Figure 2. Characteristics of differentially expressed genes (DEGs). (A) Venn diagram showing the overlap of DEGs among Mpnmcp, 3 dpi (days post inoculation with Phytophthora palmivora) and 4 dpi. (B) Venn diagram showing the overlap of DEGs between Mpnmcp and Mpjaz. (C) Venn diagram showing the overlap of DEGs between Mpnmcp and Marchantia under salinity stress.

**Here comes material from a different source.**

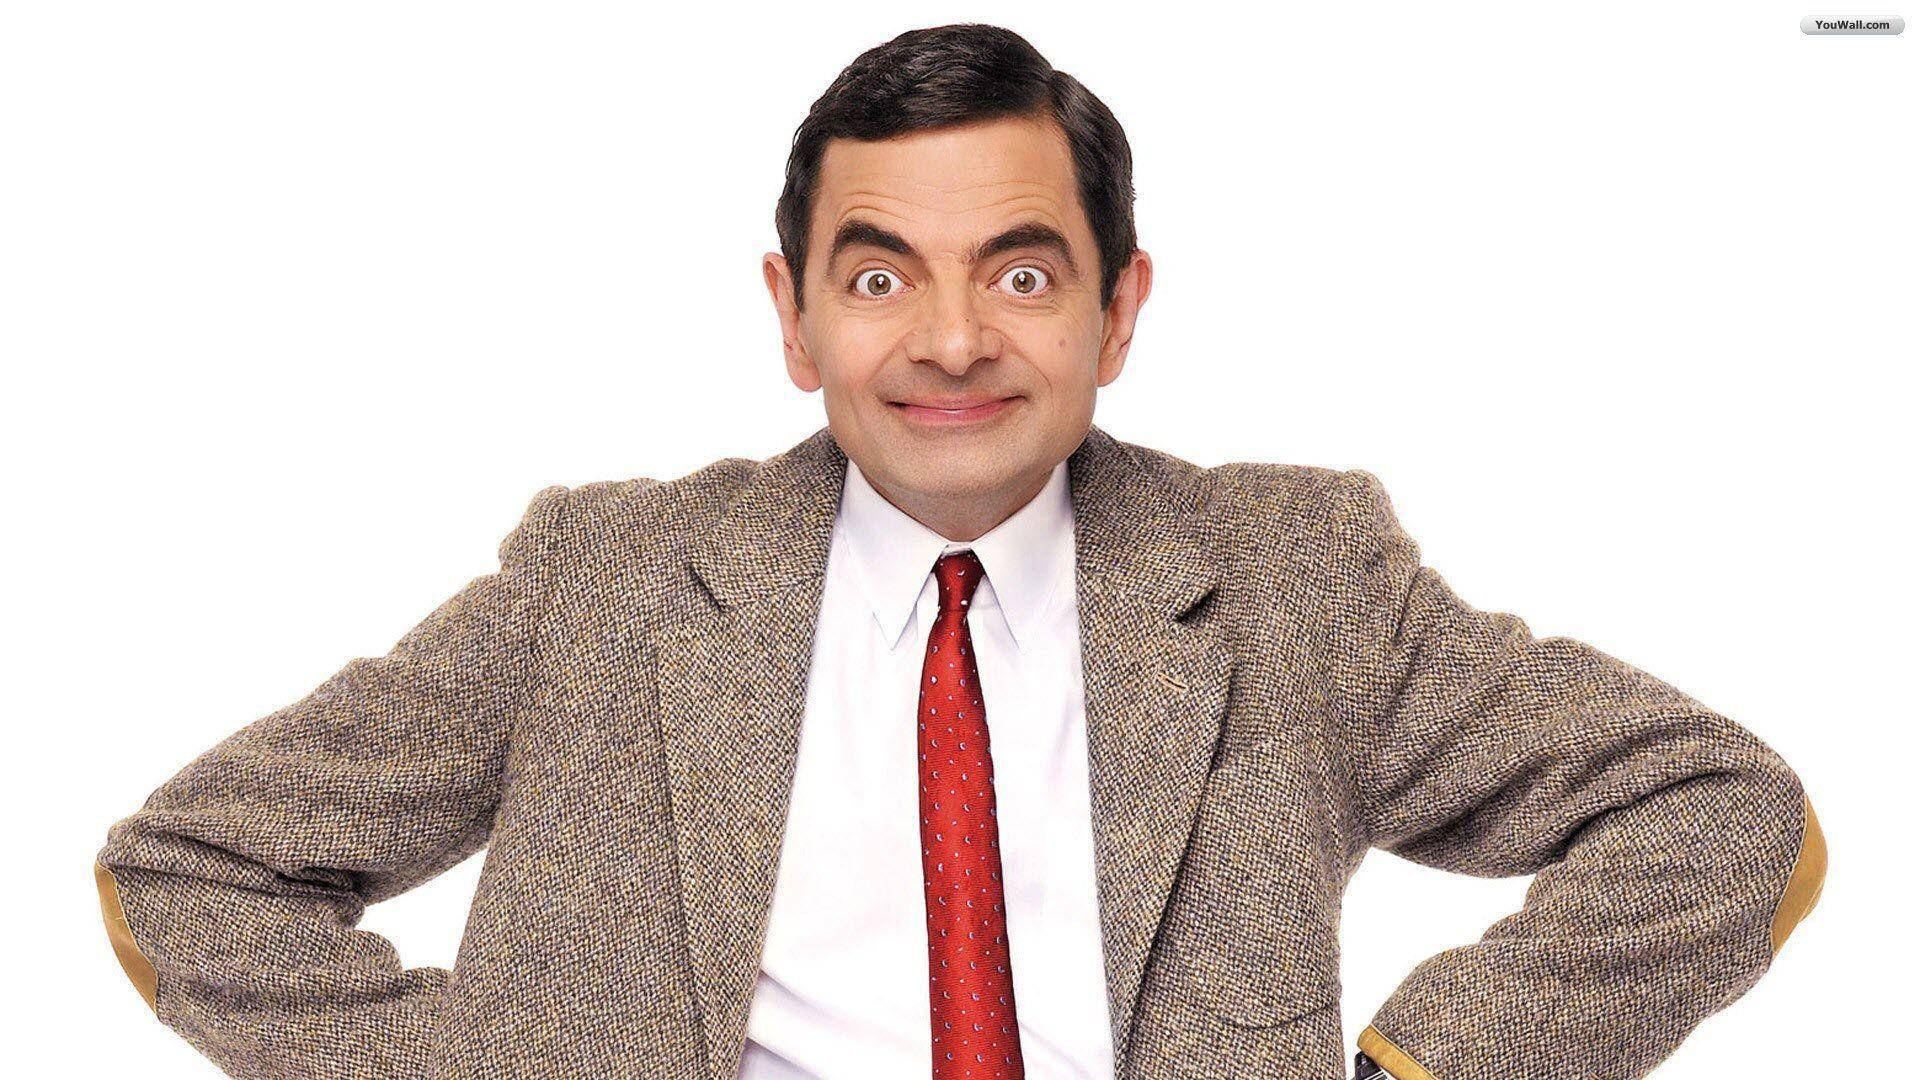 Download Mr Bean Scratch Head Pose Wallpaper  Wallpaperscom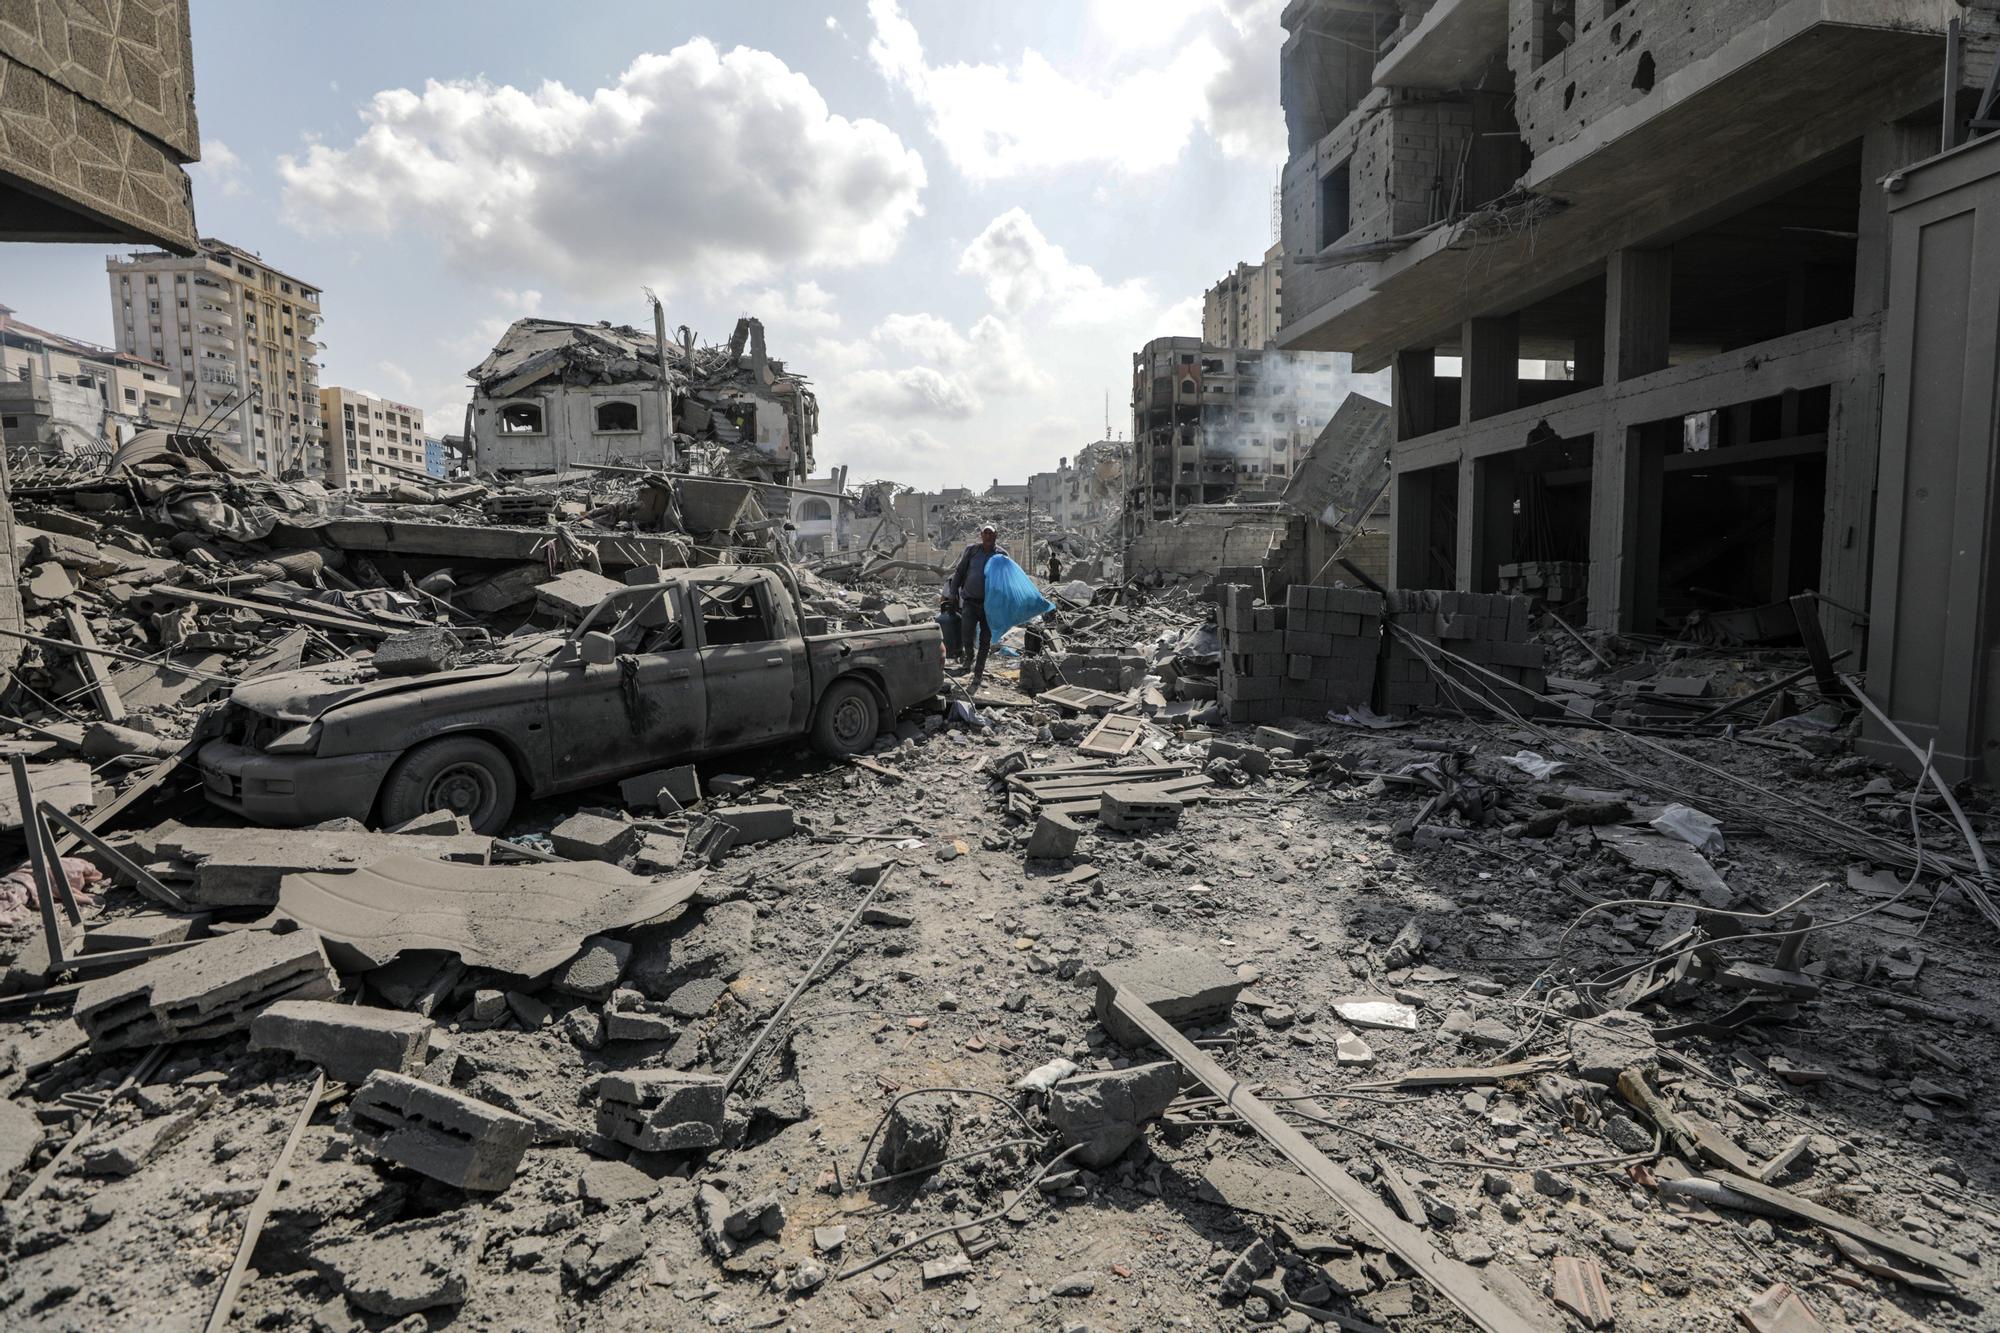 La muerte y destrucción reinan en Gaza

Mpnmcp Is Localized at the Nuclear Periphery but Does Not Control Nuclear Morphology
We next examined nuclear localization patterns of MpNMCP proteins by immunohistostaining, in which functional MpNMCP:2HA fusion proteins were visualized with fluorophore-conjugated anti-HA antibodies. As shown by representative images in Figure 3A, MpNMCP is preferentially localized at the nuclear periphery in vivo, which is similar to many NMCP proteins from various plants species (Ciska et al., 2013; Sakamoto and Takagi, 2013; Yang et al., 2020; McKenna et al., 2021). Besides, we found that MpNMCP proteins were not evenly distributed at the nuclear periphery but exhibited a punctate-like pattern, which was similar to that from onion (Ciska et al., 2013).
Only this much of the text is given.